I may be way off-base with this assumption. If I am, I'm sure that Ron will set me straight.

Later,
Keith


----------



## LithiumaniacsEVRacing (Oct 9, 2010)

Guys,

Event dates change all the time, we will keep the public notified by our website. Members received an email way in advance.


----------



## Duncan (Dec 8, 2008)

*Event dates change all the time, we will keep the public notified by our website. Members received an email way in advance.

*Do you do it that way in the states? 
Events I competed in in the UK were definitely NOT moved willy nilly - 
Here in NZ if you try and move an event you will not get another slot - and any more events you try and organise will be canned right from the start!


----------



## LithiumaniacsEVRacing (Oct 9, 2010)

Duncan said:


> *Event dates change all the time, we will keep the public notified by our website. Members received an email way in advance.*
> 
> Do you do it that way in the states?
> Events I competed in in the UK were definitely NOT moved willy nilly -
> Here in NZ if you try and move an event you will not get another slot - and any more events you try and organise will be canned right from the start!


In the USA the track owners have very good relationships with Racing Associations and have no problem changing dates to accommodate the event. I have watched event dates move many times in my 20 year+ of drag racing.


----------



## Duncan (Dec 8, 2008)

_In the USA the track owners have very good relationships with Racing Associations and have no problem changing dates to accommodate the event. I have watched event dates move many times in my 20 year+ of drag racing.
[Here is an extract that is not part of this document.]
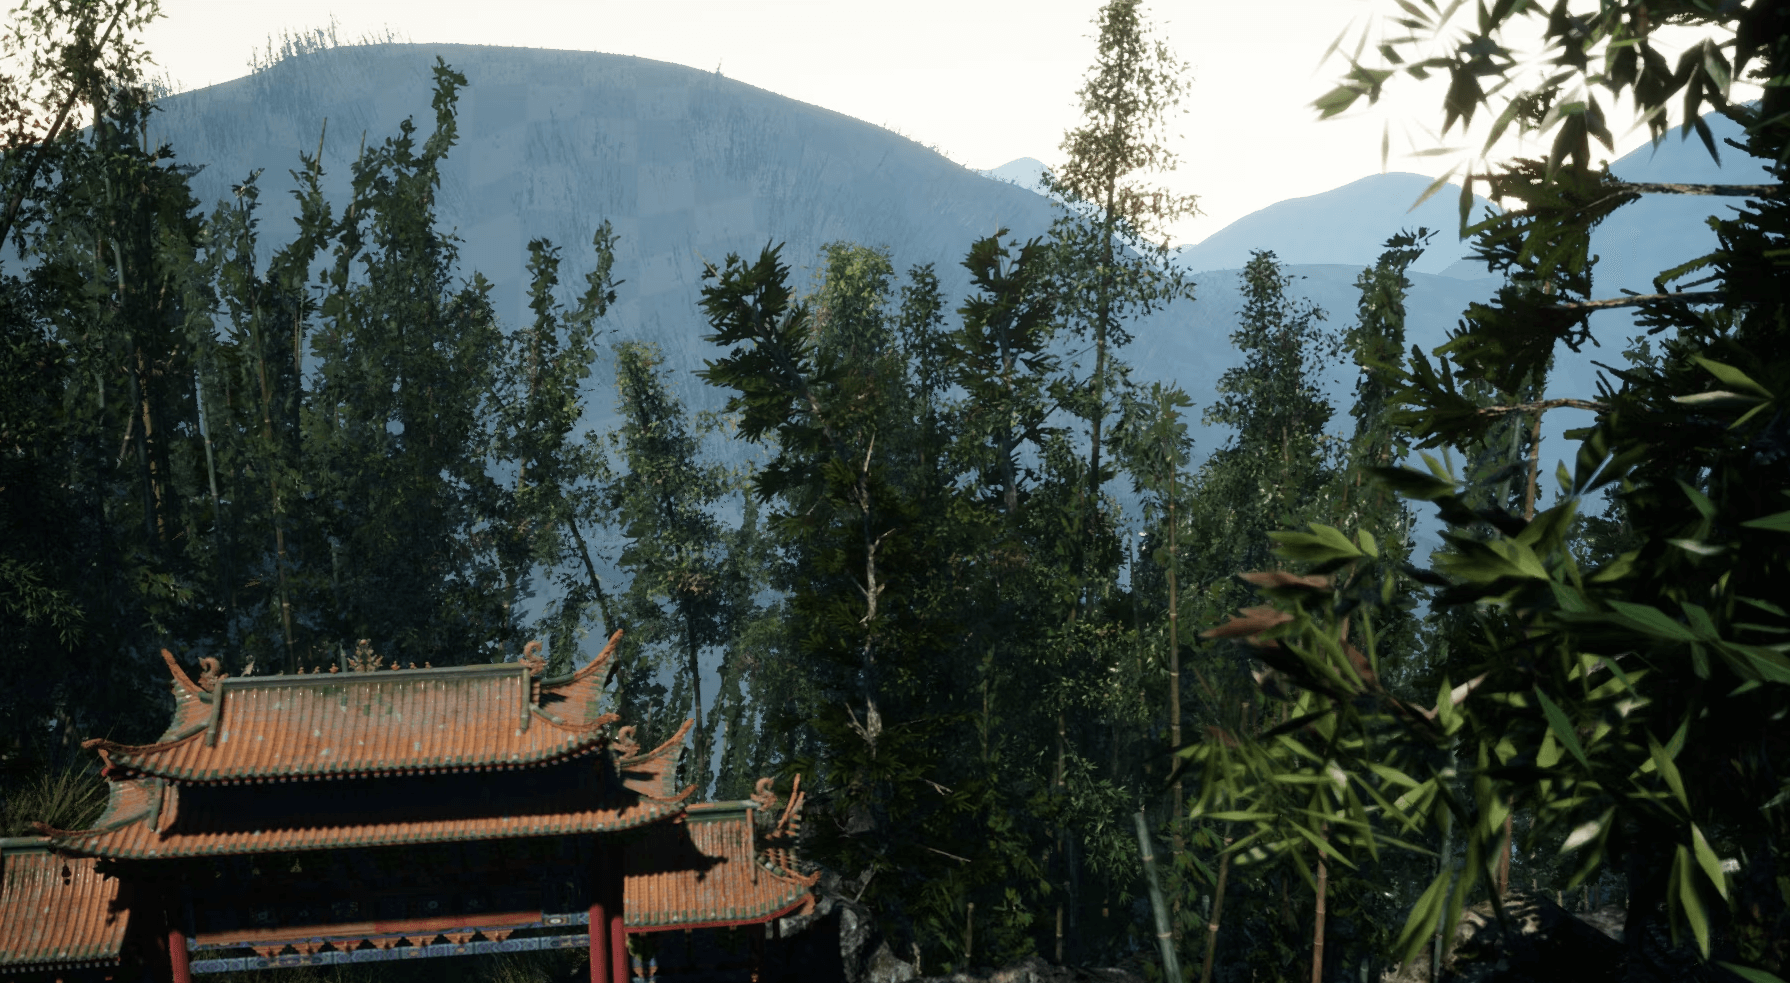 【UE4/5】中国风山门-Oriental ancient pictures,templeArchwayMountain gate
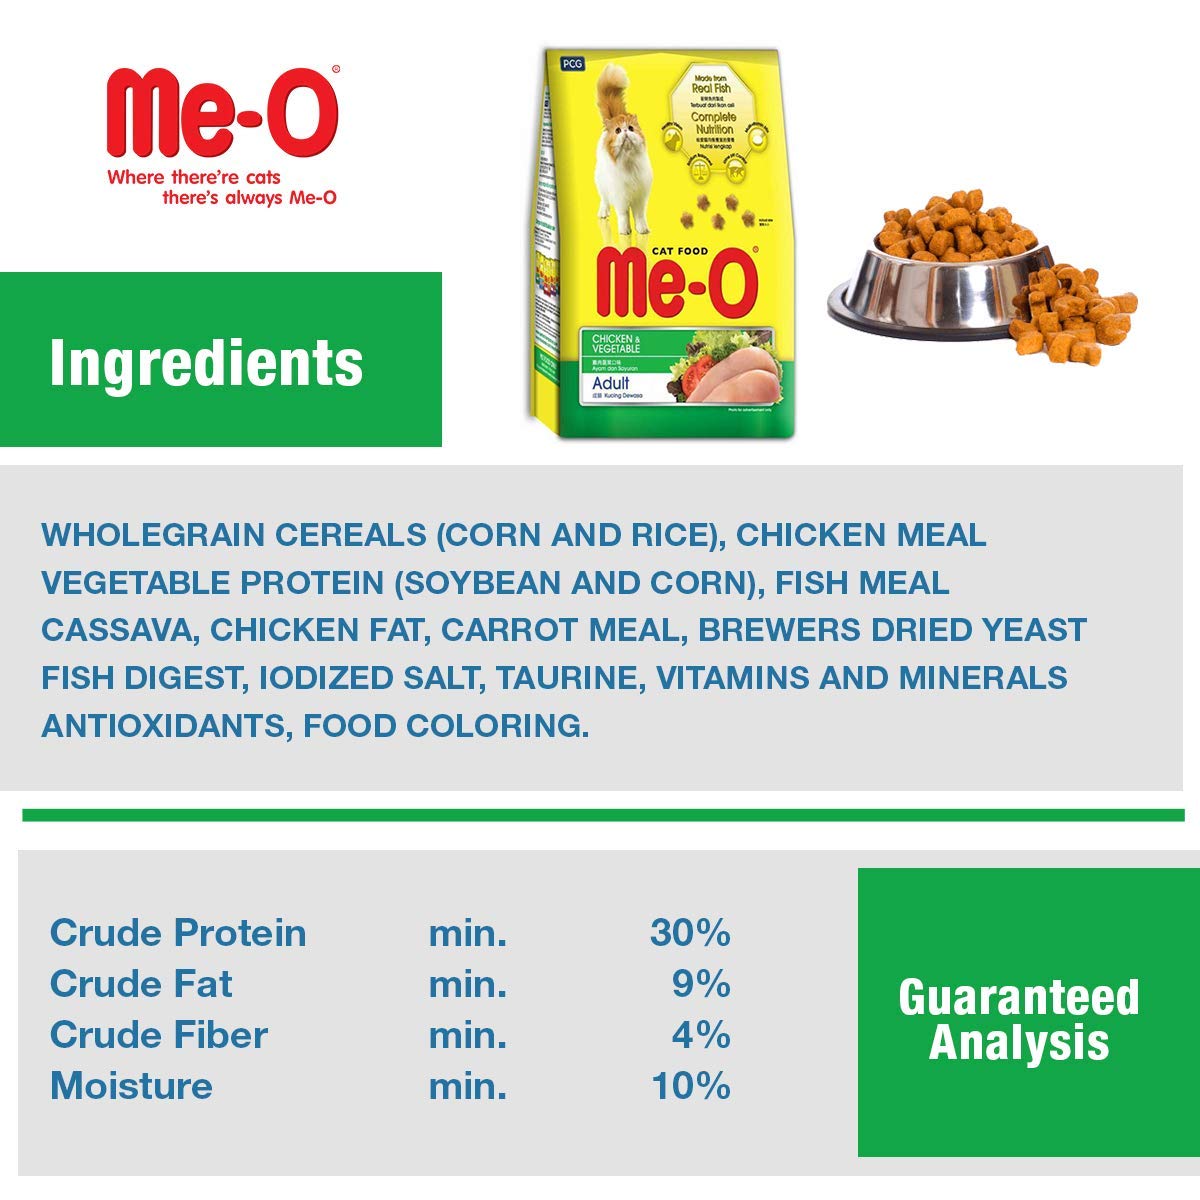 MeO Chicken And Vegetable Adult Cat Dry Food

_In the UK it would be the competitors who would not come back_, _when I was competing it took a lot of time and money, 
If an event had been cancelled without very good cause it would have been crossed off everybody's calenders.
Who would prepare for an event that could be cancelled on such grounds??


----------



## kek_63 (Apr 20, 2008)

LithiumaniacsEVRacing said:


> Yes, I am not travelling 10 hours and not race "Warp Factor II". My car is the featured car and rescheduling is not a big deal. _*We will be racing this Saturday in Pitts, PA*_.


Or not!!

ECEDRA site update - very late last night (early this morning) 


_Team Haiyin EV Racing Challenged to "Money Race" at
Lebanon Valley Dragway on July 16, 2011_​_The ECEDRA Pittsburgh "Shoot-Out" will be Supervised by Vice President Douglas Stansfield_​


----------



## major (Apr 4, 2008)

kek_63 said:


> Or not!!
> 
> ECEDRA site update - very late last night (early this morning)
> 
> ...


Thanks for the update kek,

So, if someone brings his EV to the Pittsburgh Shoot-Out and is the only EV to run there, he takes home the $3000. 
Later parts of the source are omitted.